TASK TO COMPLETE
Without the pictures, set down every line of the data exactly.

DATASET EXCERPT
>>>

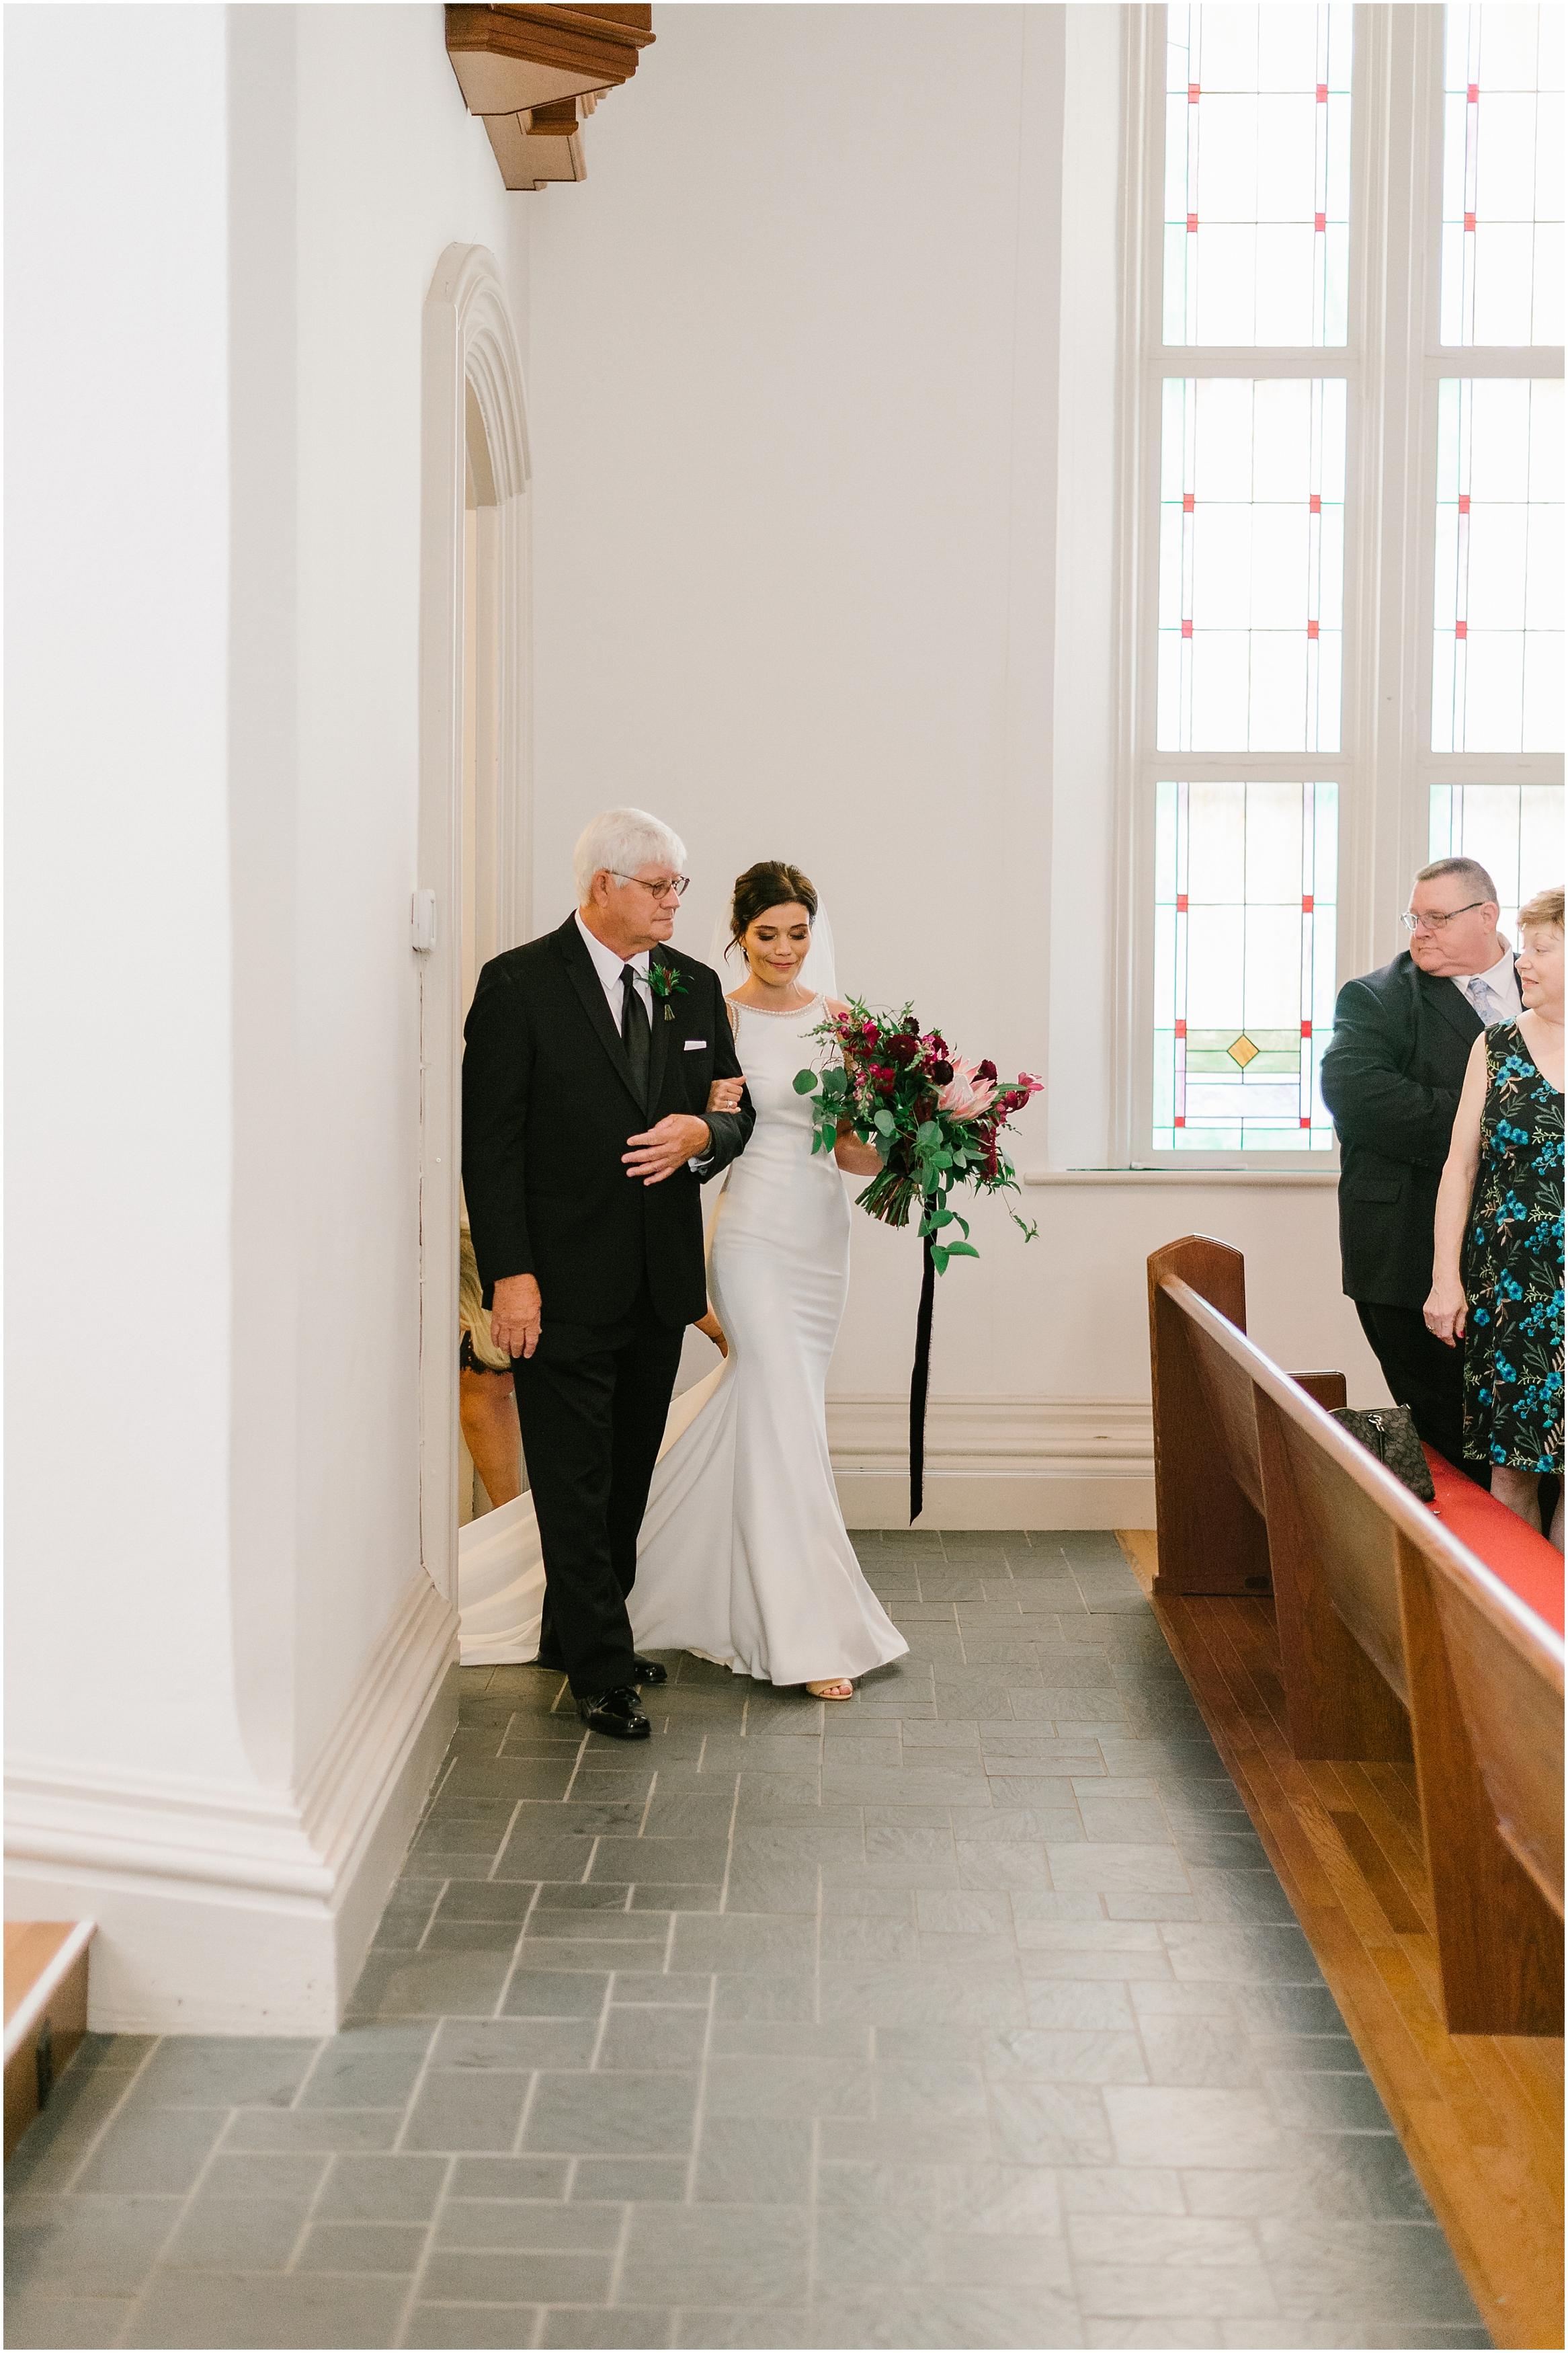 Rebecca_Shehorn_Photography_Indianapolis Wedding Photographer Sycamore at Mallow Run Wedding_9726.jpg
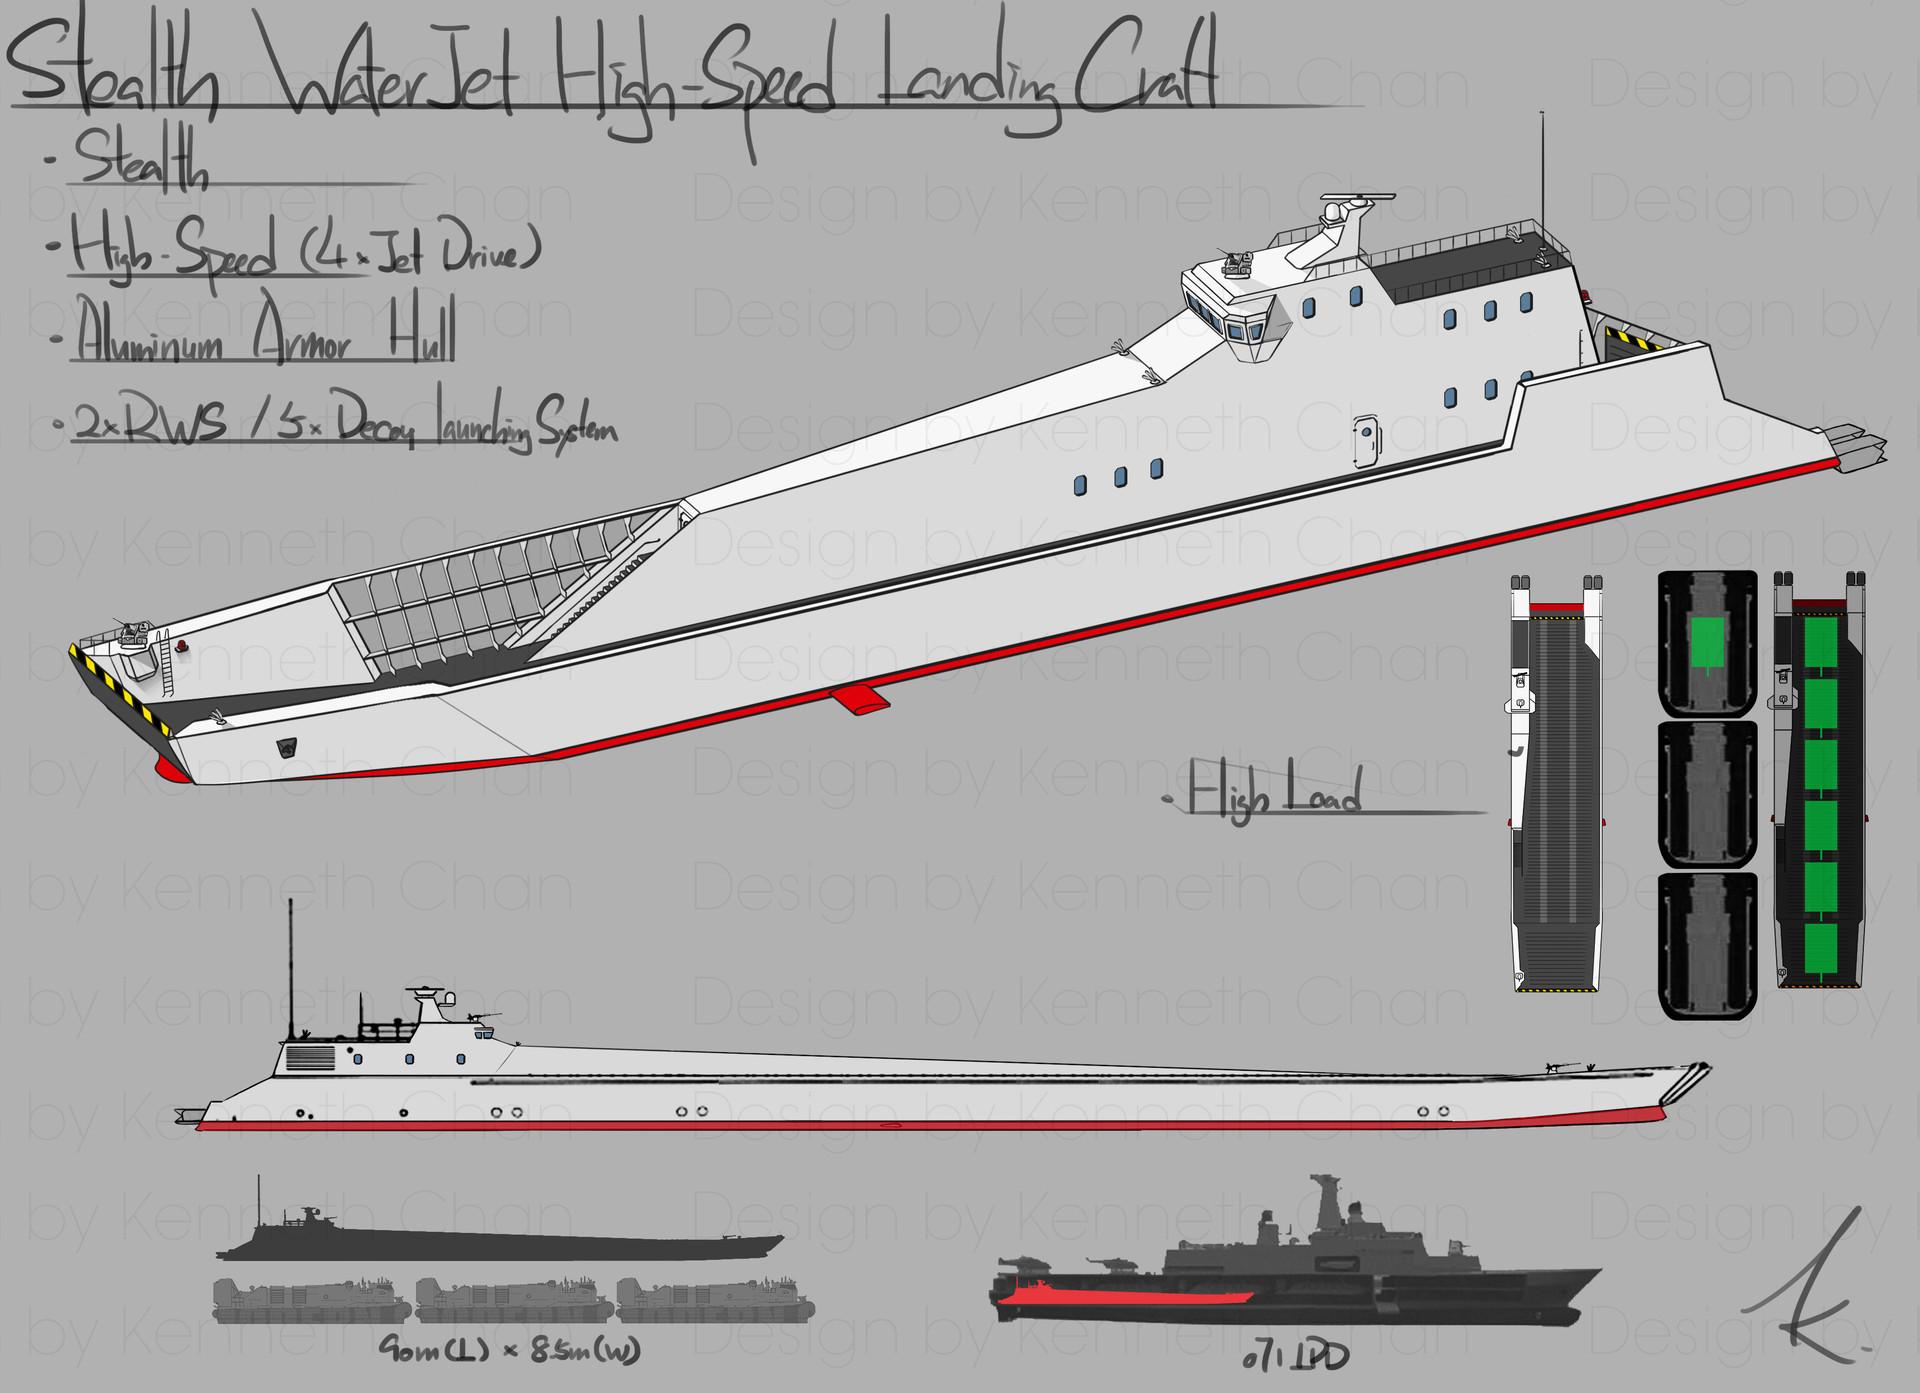 Stealth WaterJet High-Speed Landing Craft
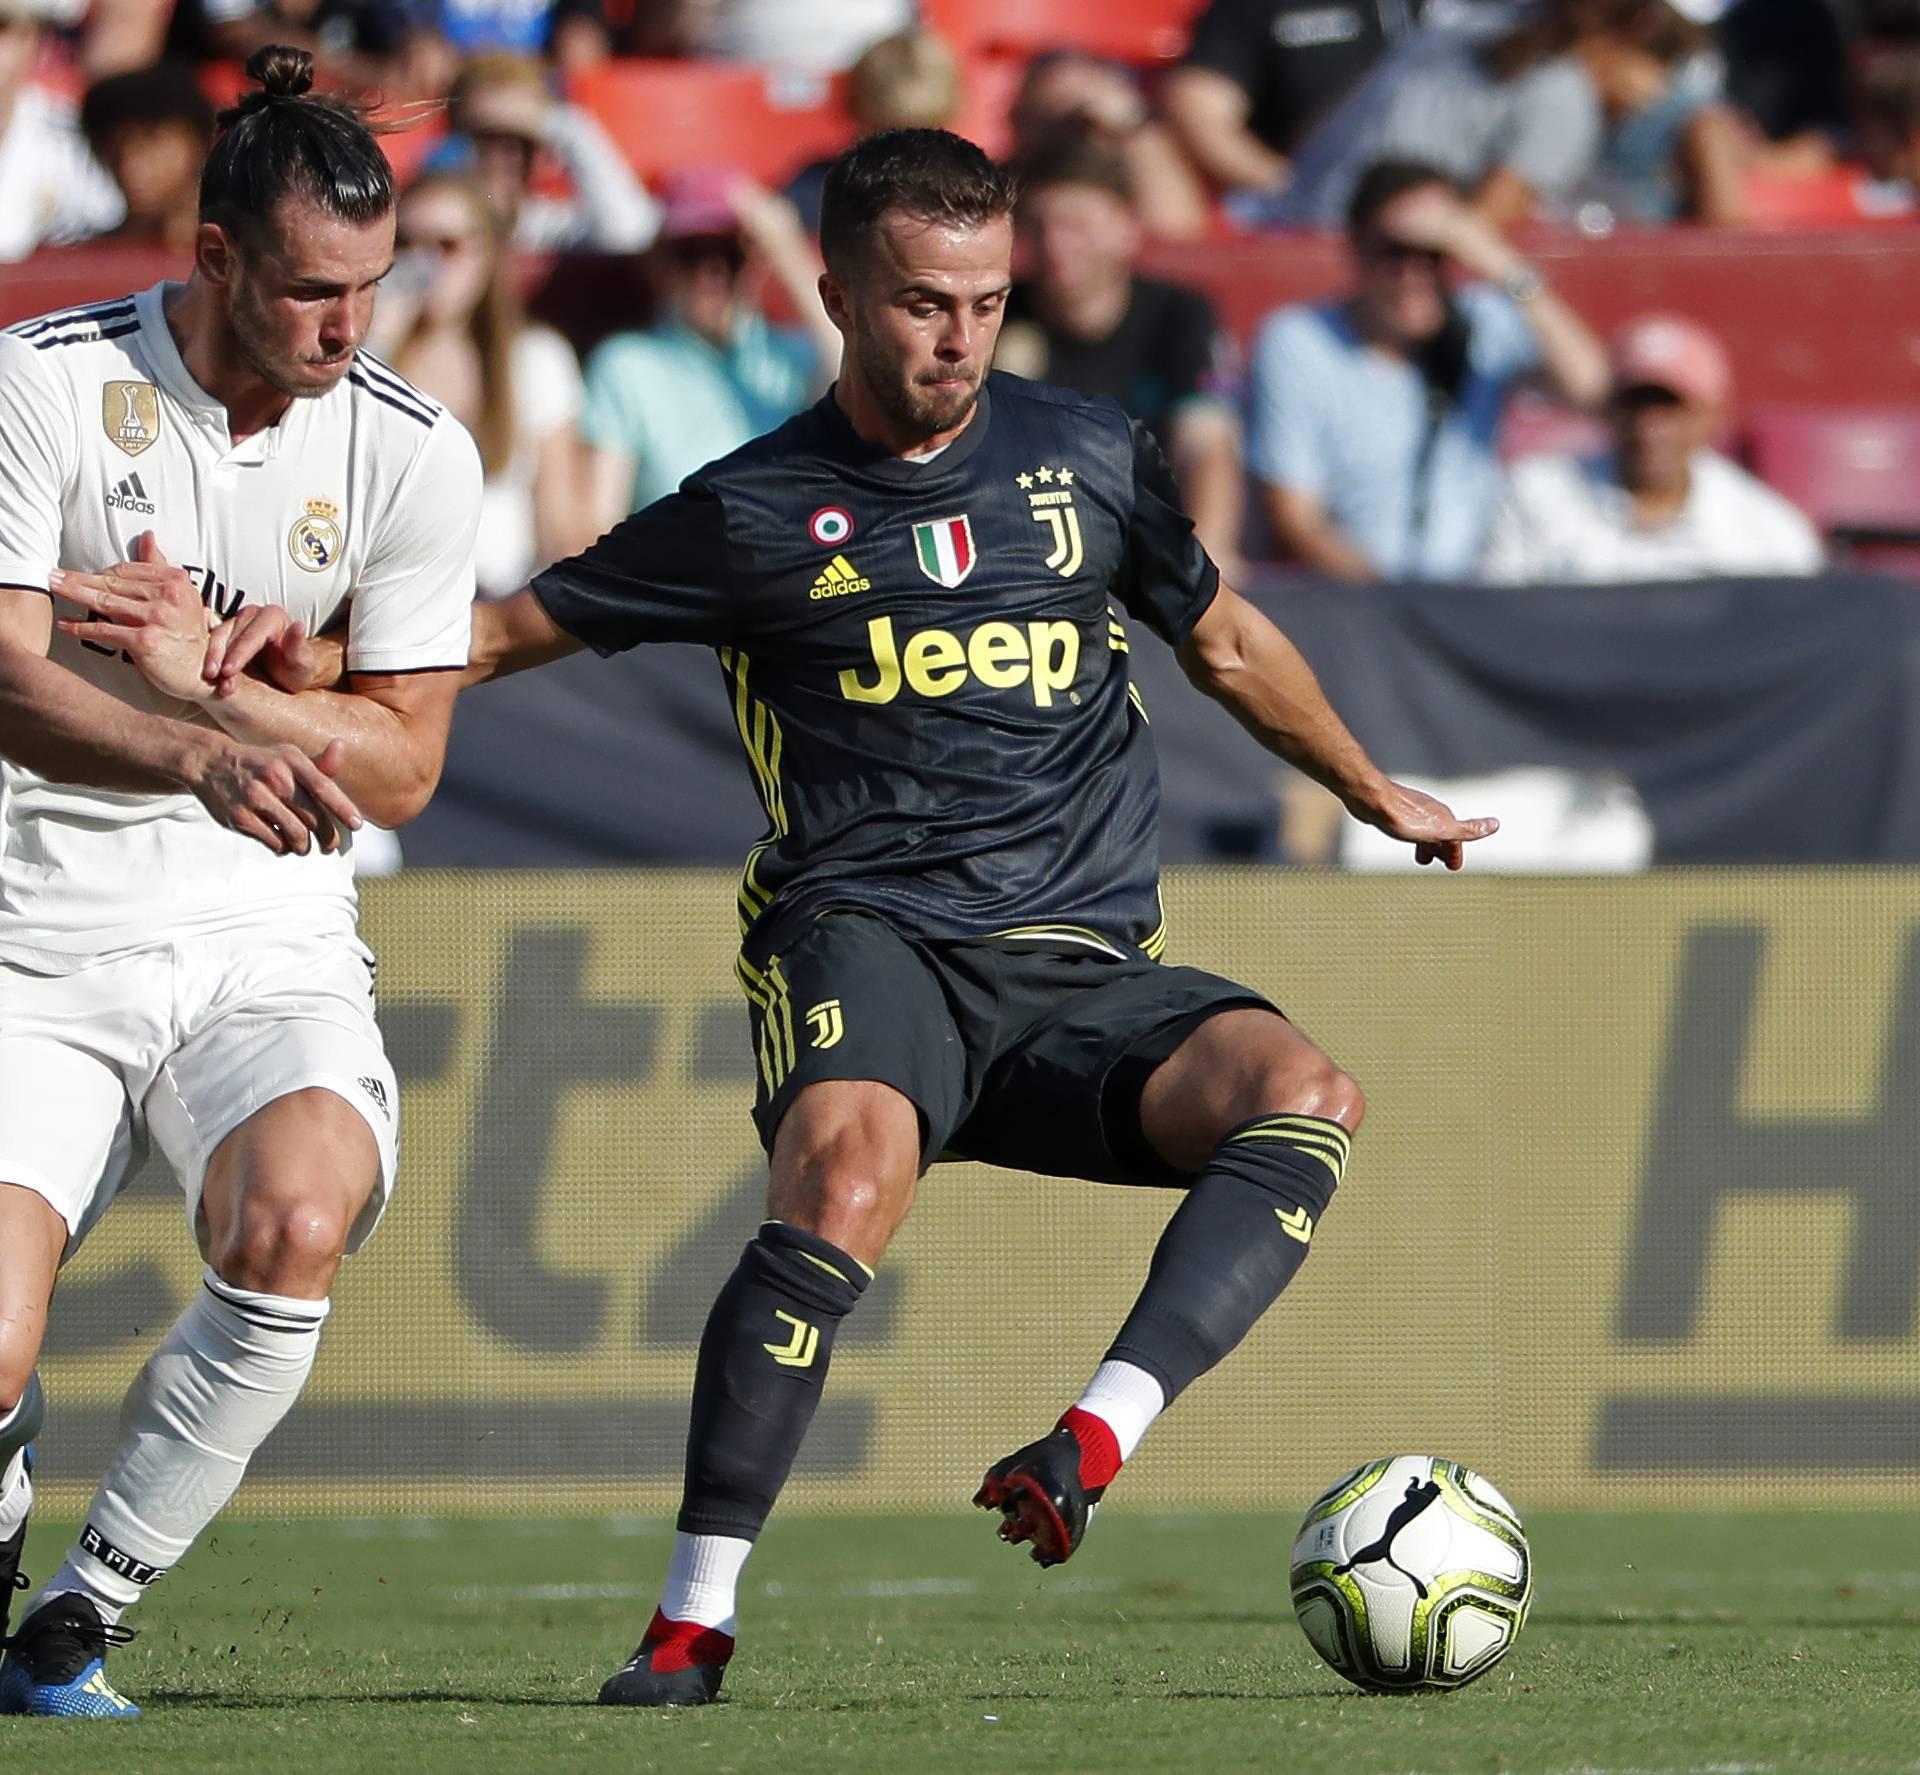 Soccer: International Champions Cup-Real Madrid at Juventus

<<<

RESPONSE TO THE TASK
 Rebecca_Shehorn_Photography_Indianapolis Wedding Photographer Sycamore at Mallow Run Wedding_9726.jpg
 Stealth WaterJet High-Speed Landing Craft
 Soccer: International Champions Cup-Real Madrid at Juventus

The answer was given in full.